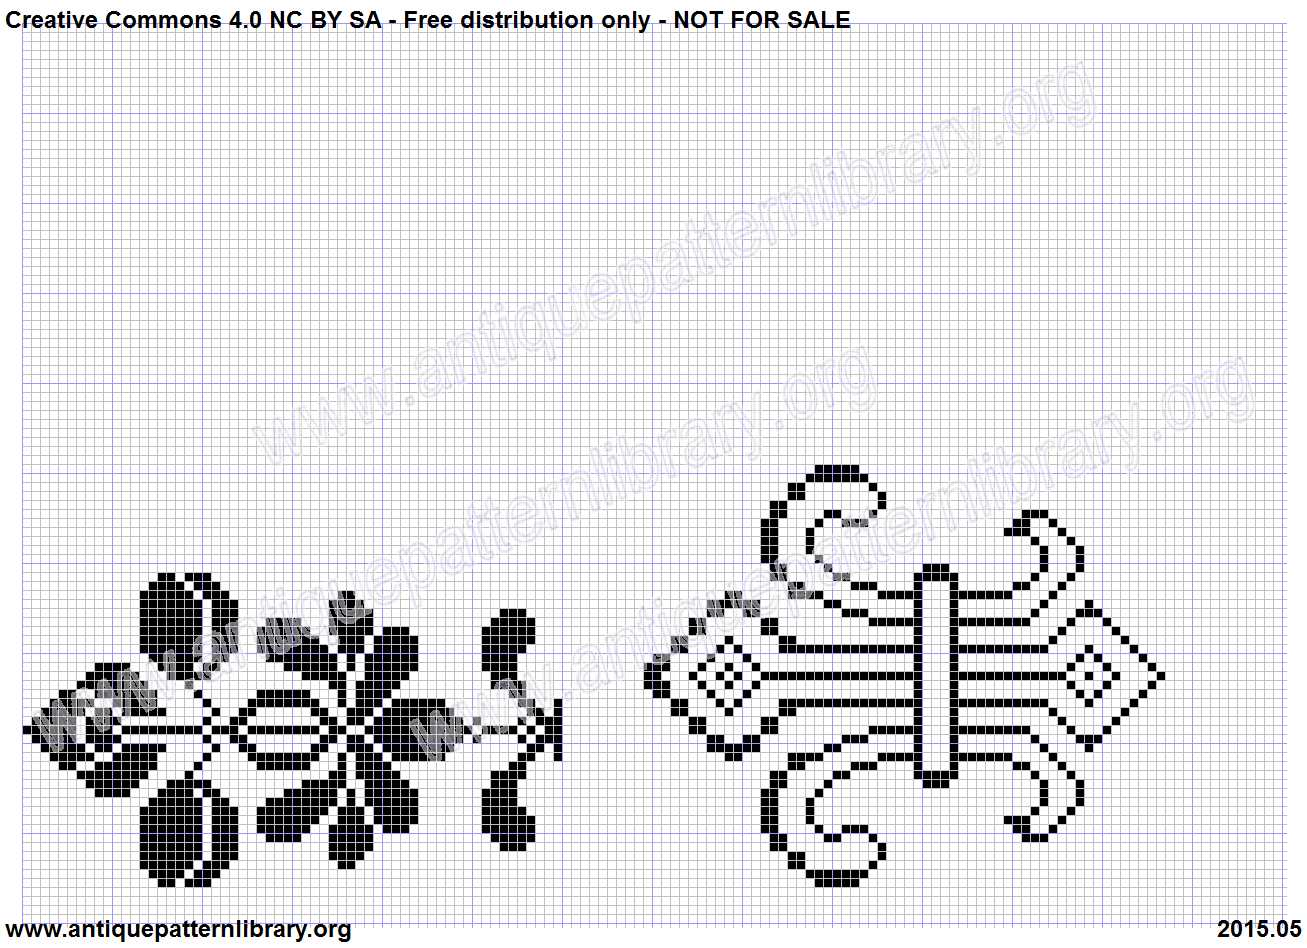 F-SF001 1730 Embroidery Pattern book
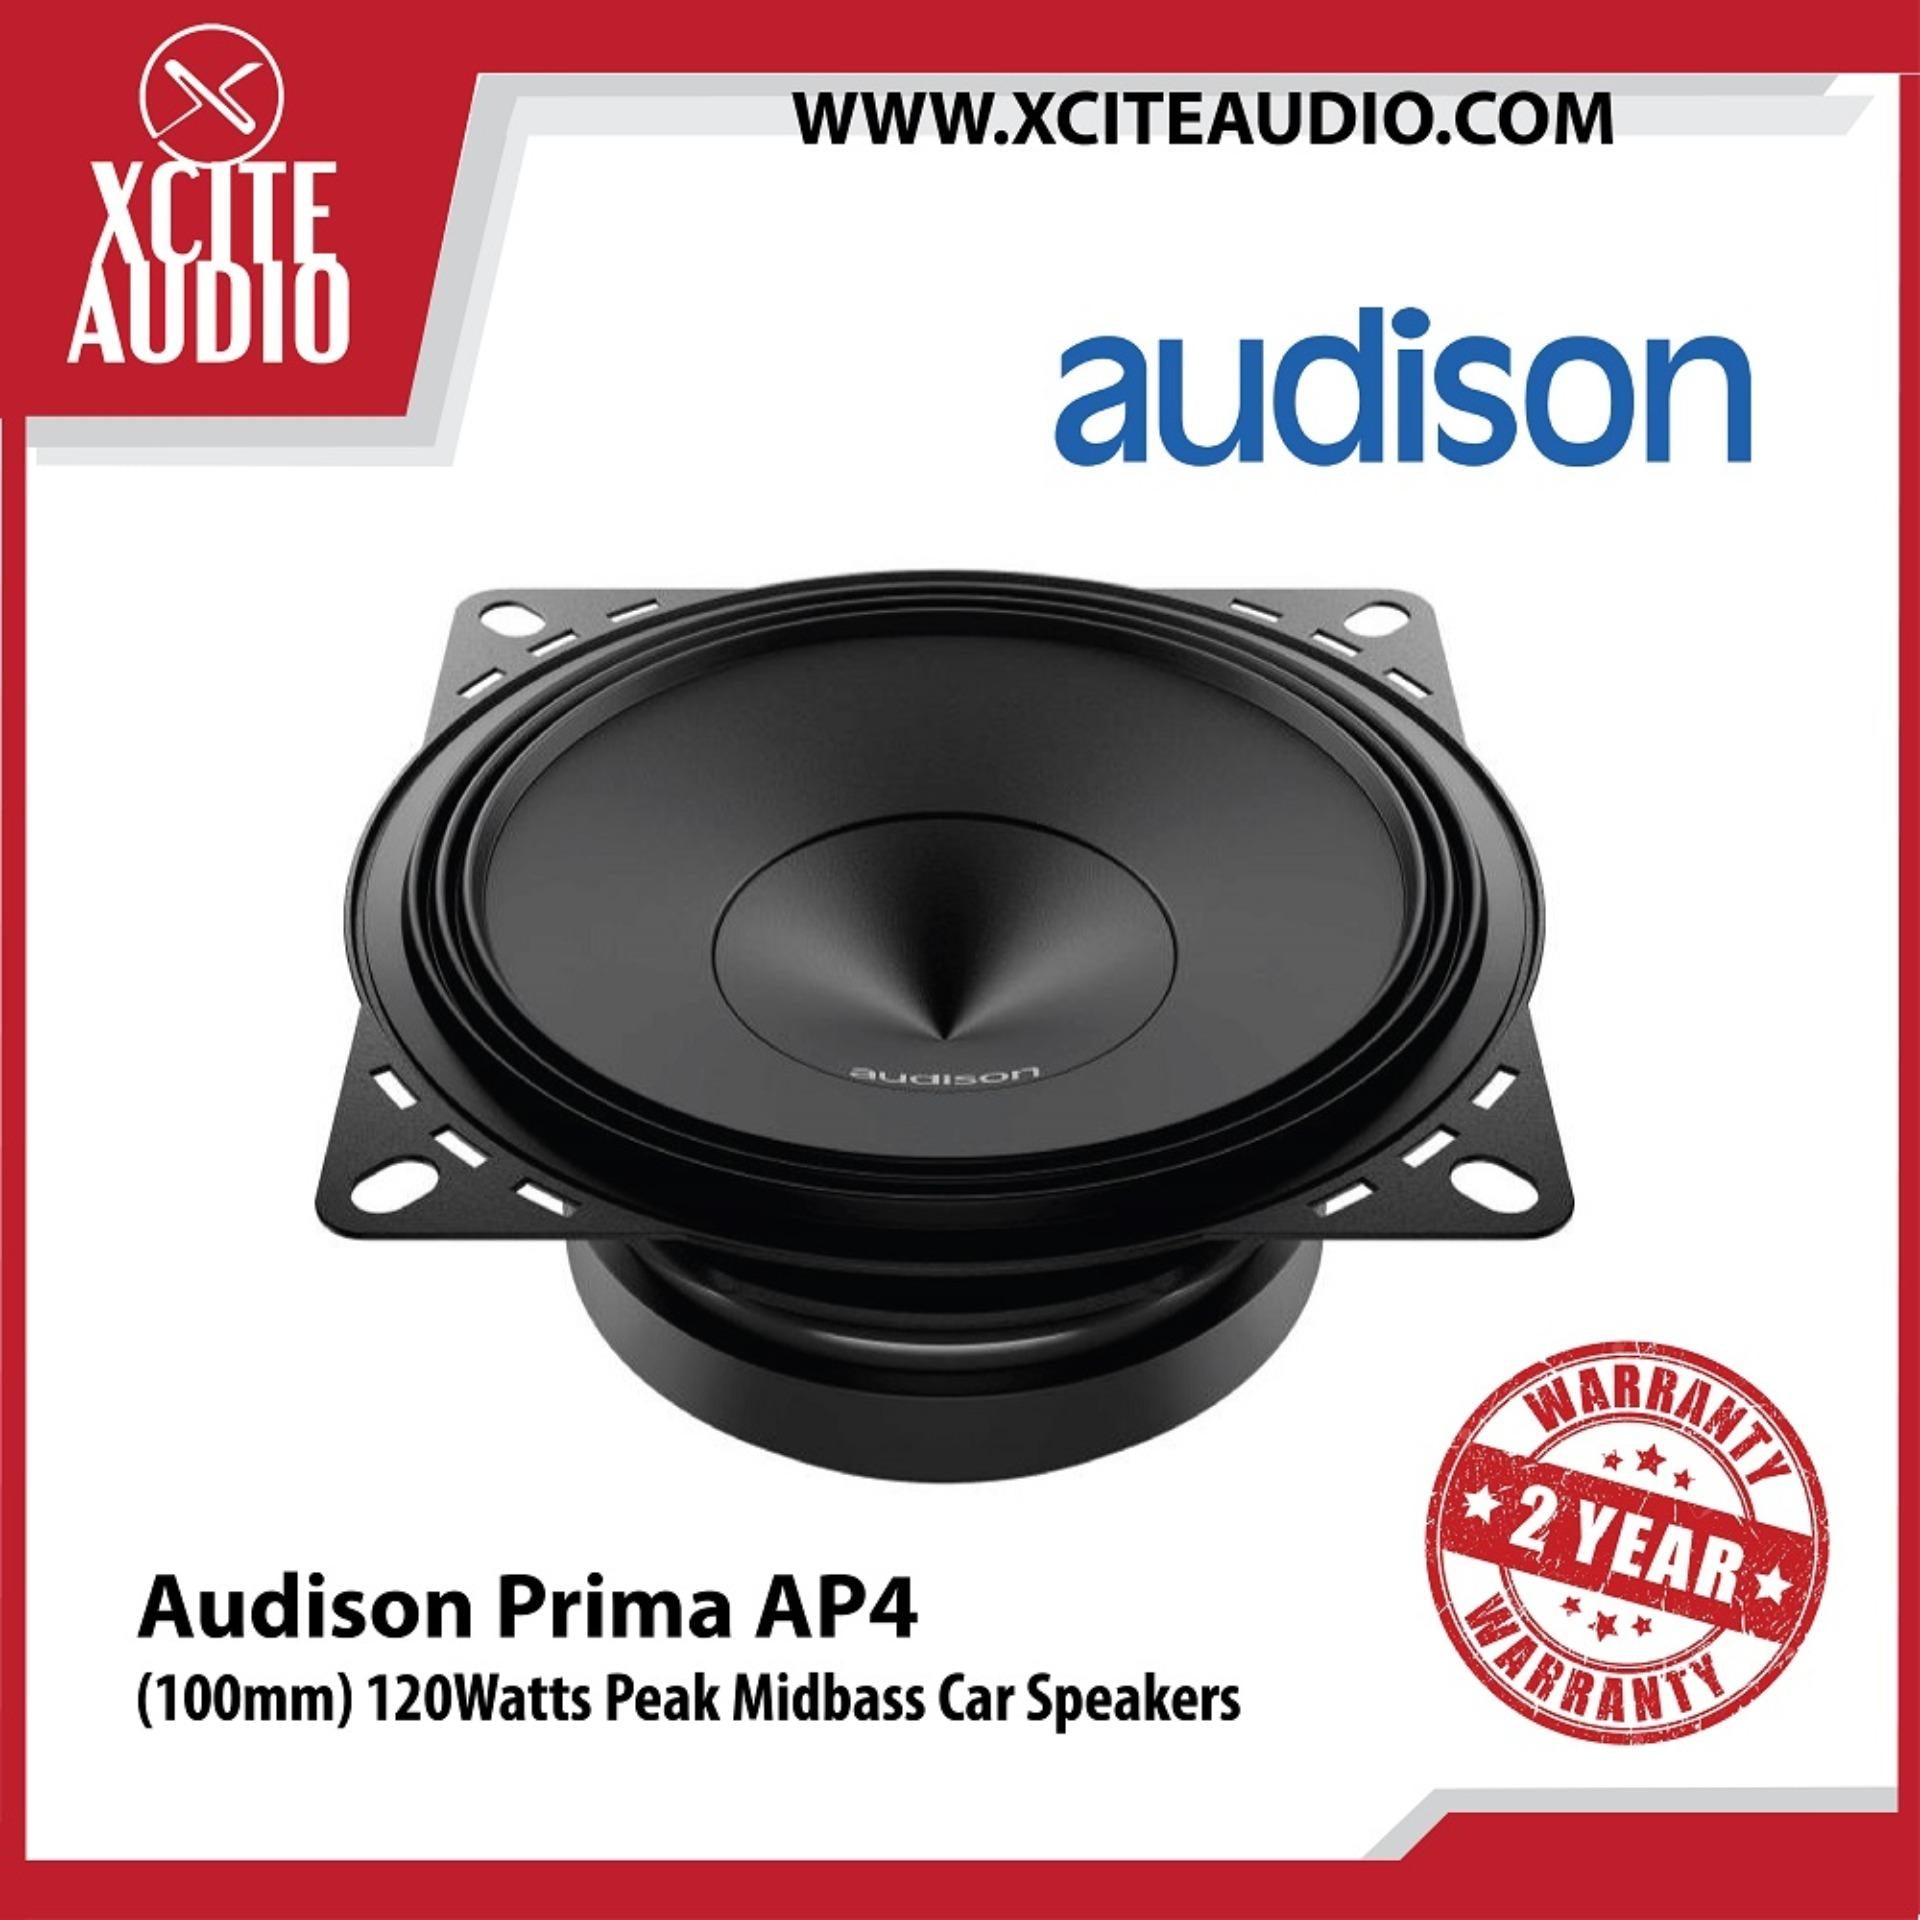 Audison Prima AP 4 Midbass with extended frequency response 120w Peak
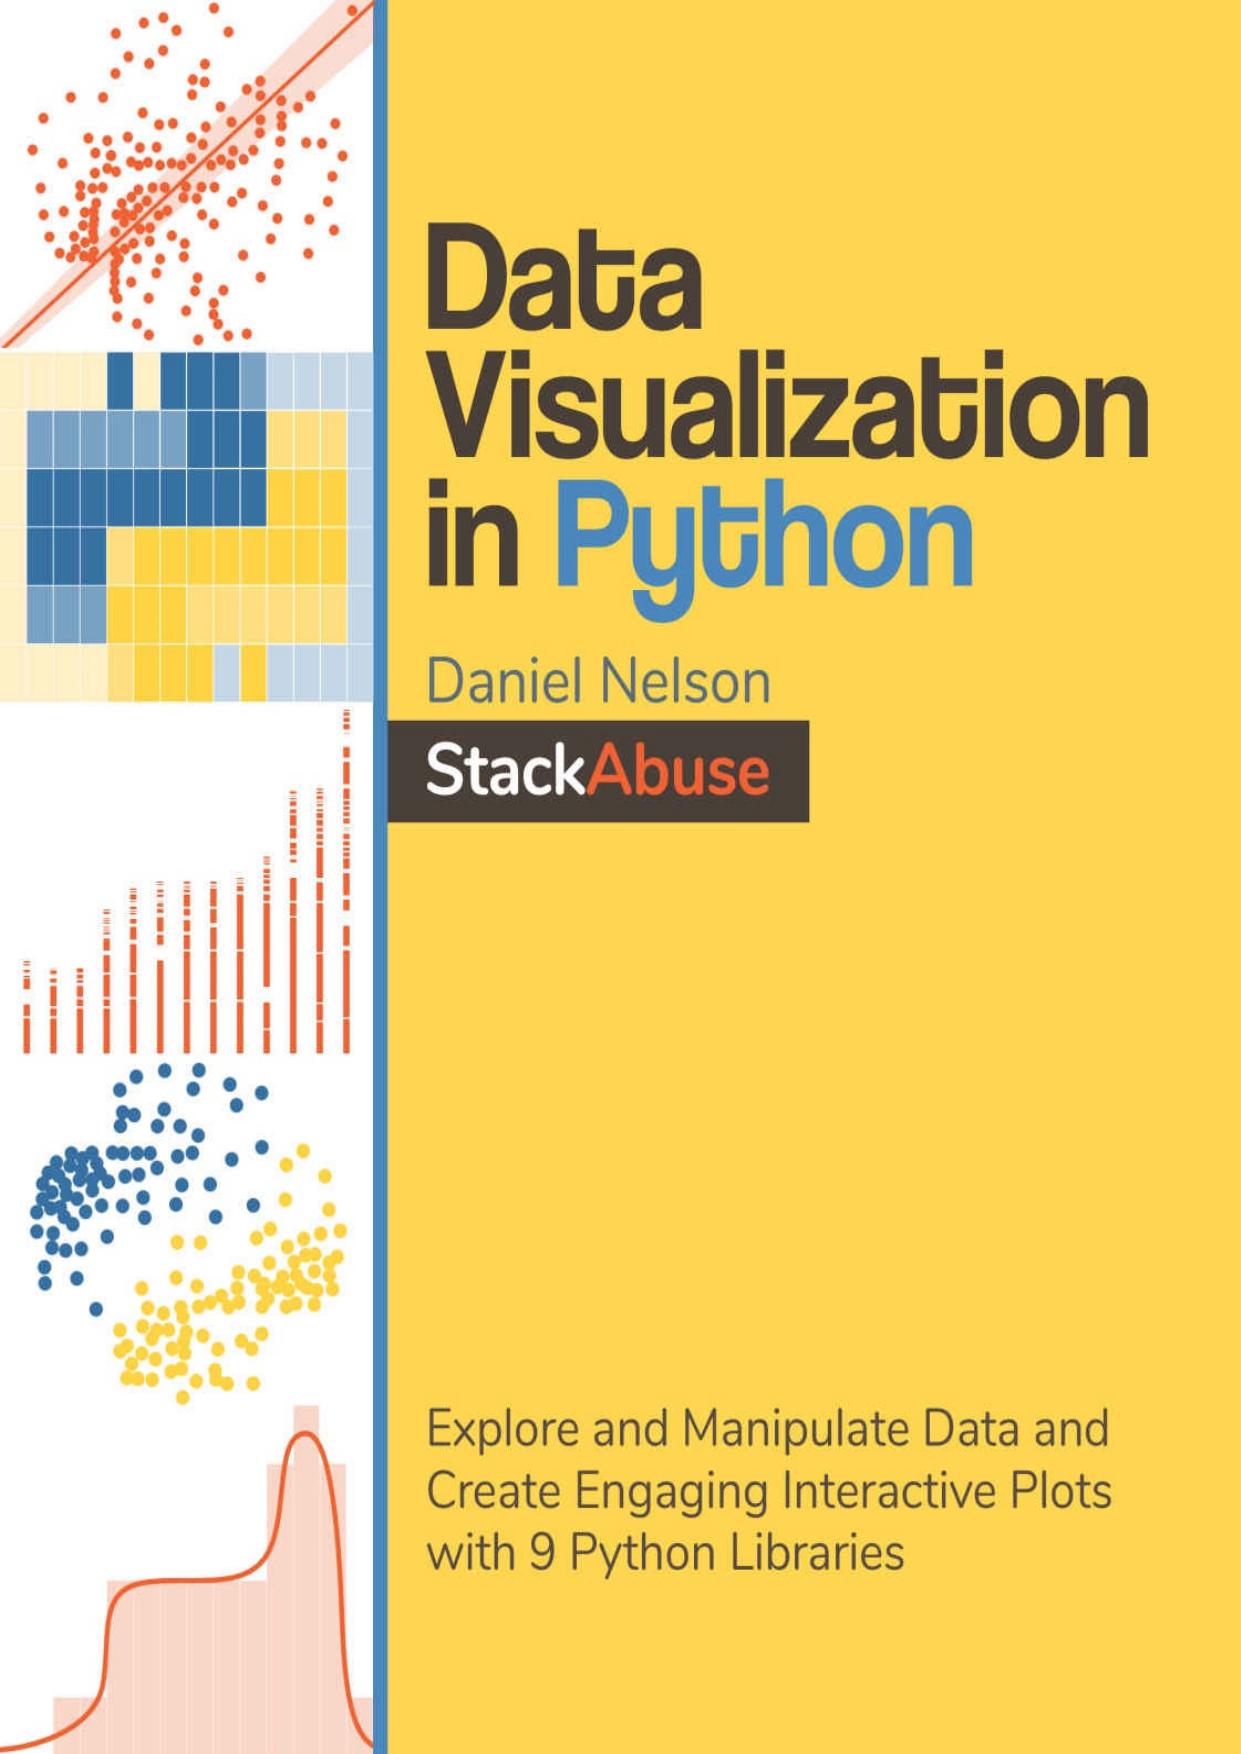 Data Visualization in Python: Explore and Manipulate Data and Create Engaging Interactive Plots with 9 Python Libraries
===============
**What is required**: With the pictures removed, repeat the listing above exactly as it stands.

**Solution for this task**:
 F-SF001 1730 Embroidery Pattern book
 Audison Prima AP 4 Midbass with extended frequency response 120w Peak
 Data Visualization in Python: Explore and Manipulate Data and Create Engaging Interactive Plots with 9 Python Libraries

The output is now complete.